= Beginning of Section =
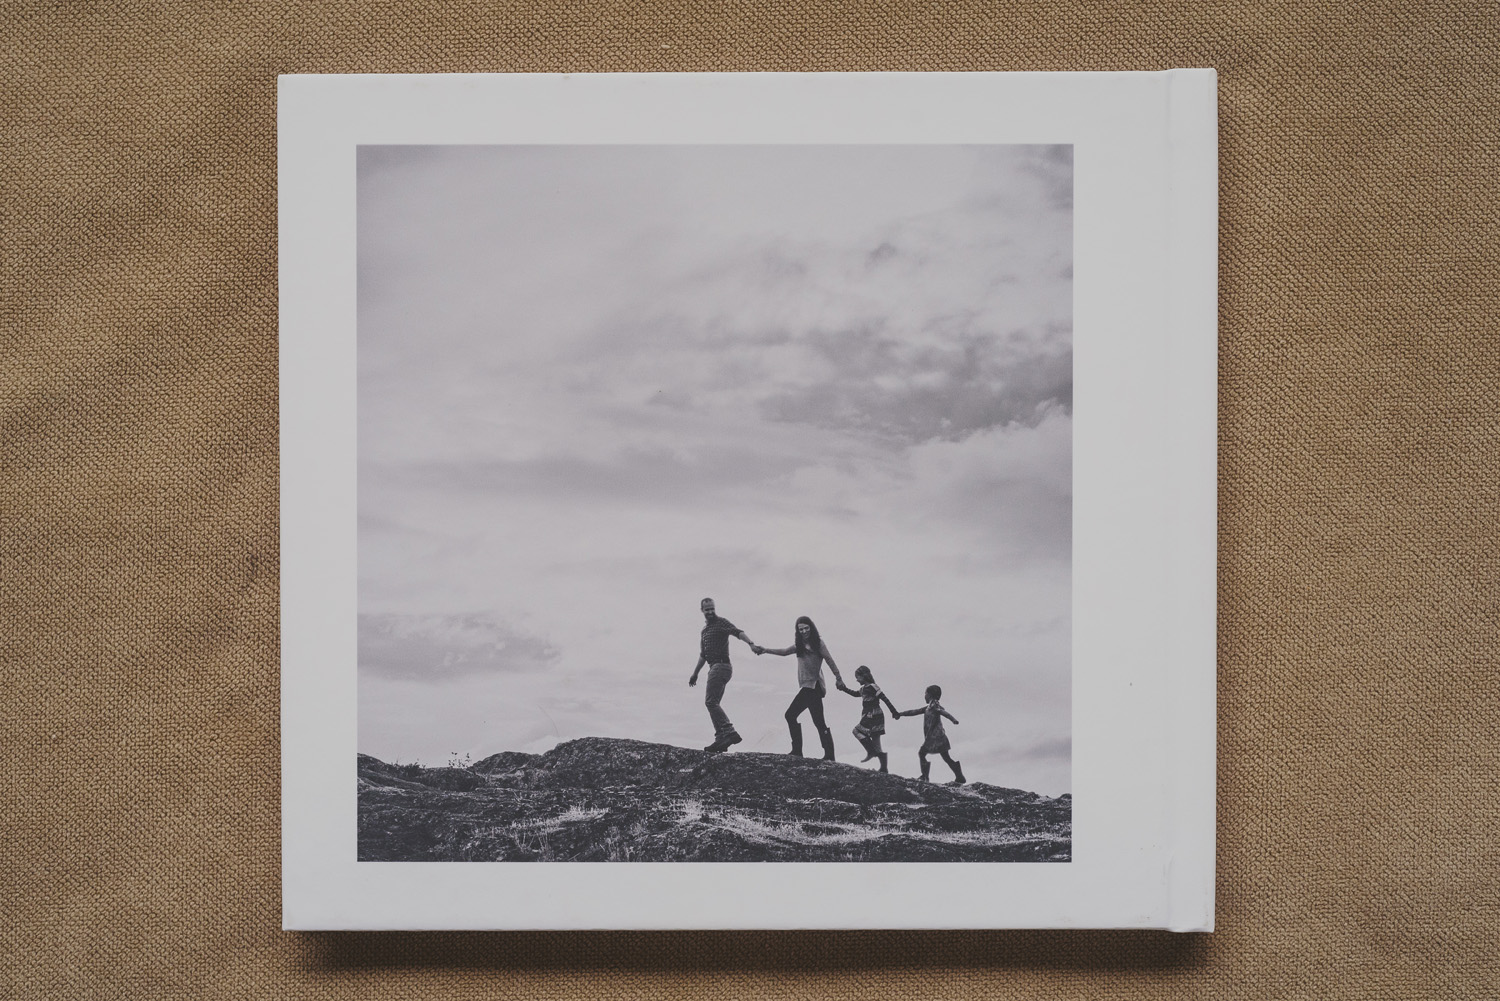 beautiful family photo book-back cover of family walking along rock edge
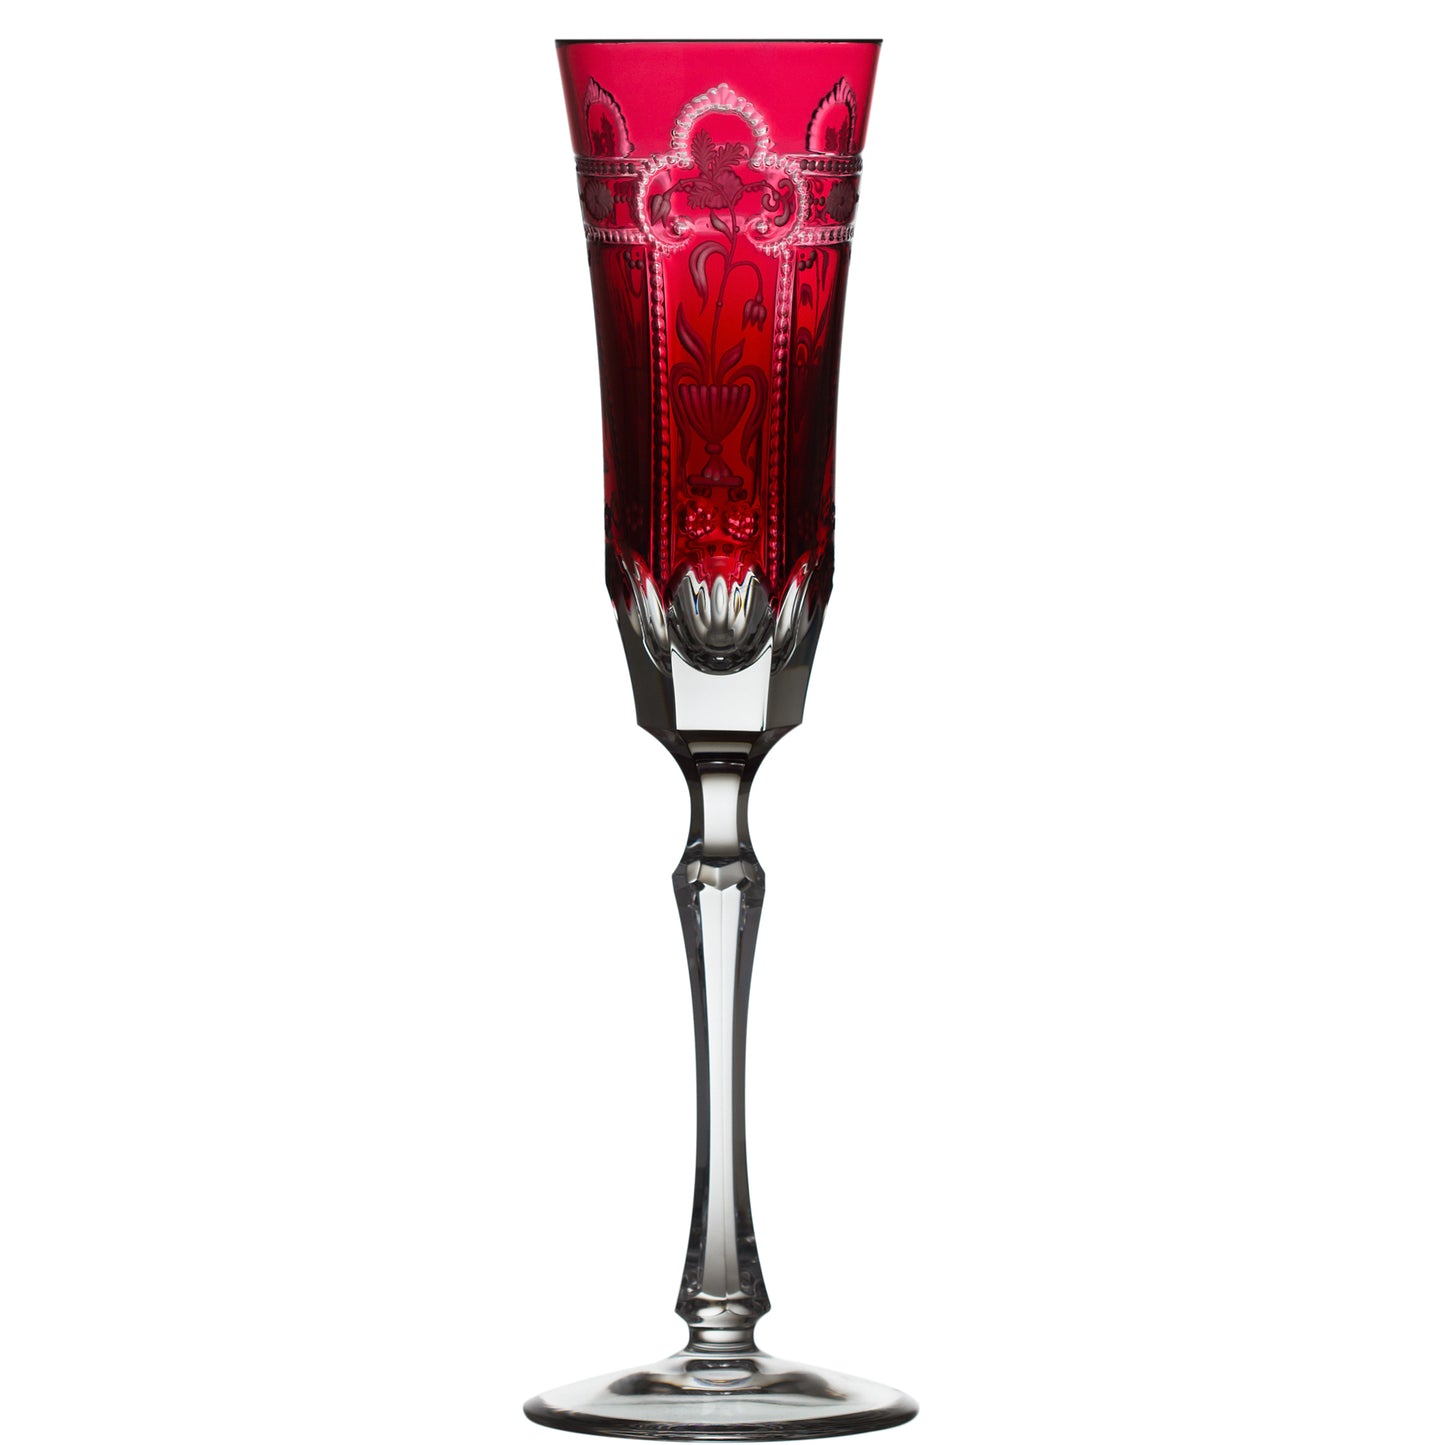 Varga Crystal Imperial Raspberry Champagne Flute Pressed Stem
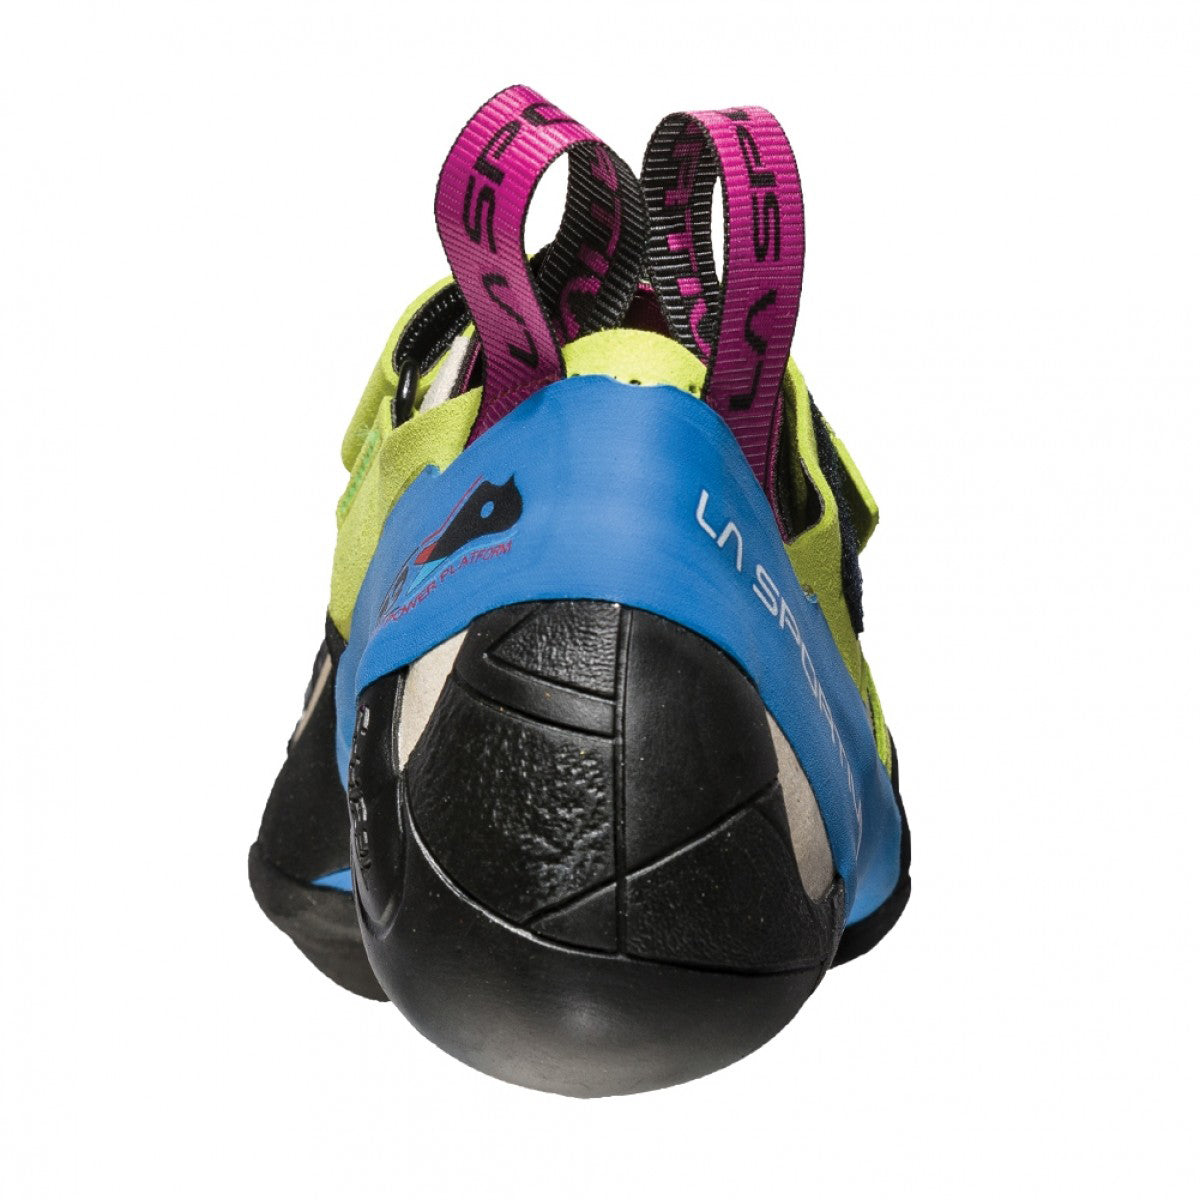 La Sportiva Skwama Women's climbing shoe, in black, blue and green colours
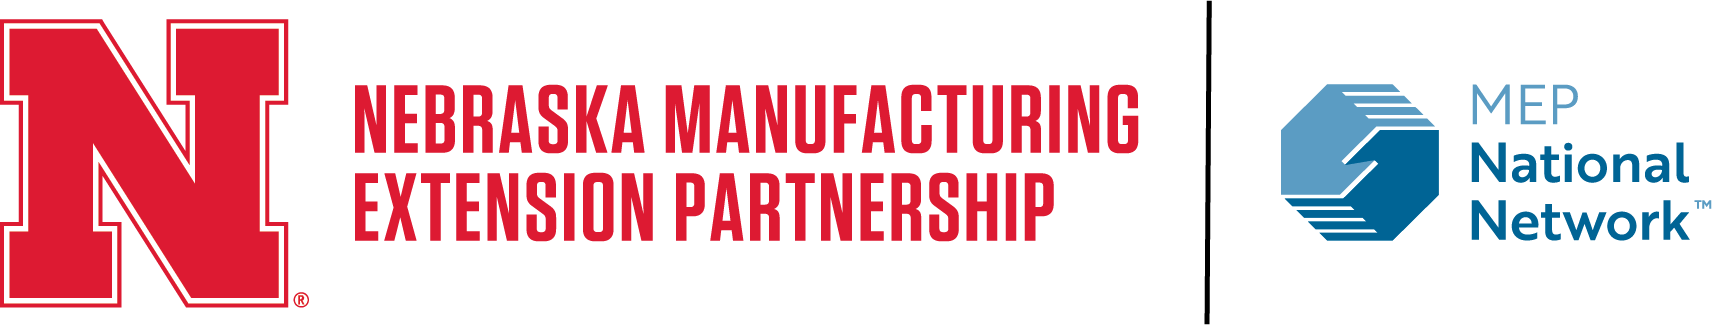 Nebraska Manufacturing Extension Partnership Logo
= End of Section =
- **What you need to do**
Repeat each line above exactly as it reads, omitting any pictures.

- **Problem solution**
 beautiful family photo book-back cover of family walking along rock edge
 Varga Crystal Imperial Raspberry Champagne Flute Pressed Stem
 La Sportiva Skwama Women's climbing shoe, in black, blue and green colours
 Nebraska Manufacturing Extension Partnership Logo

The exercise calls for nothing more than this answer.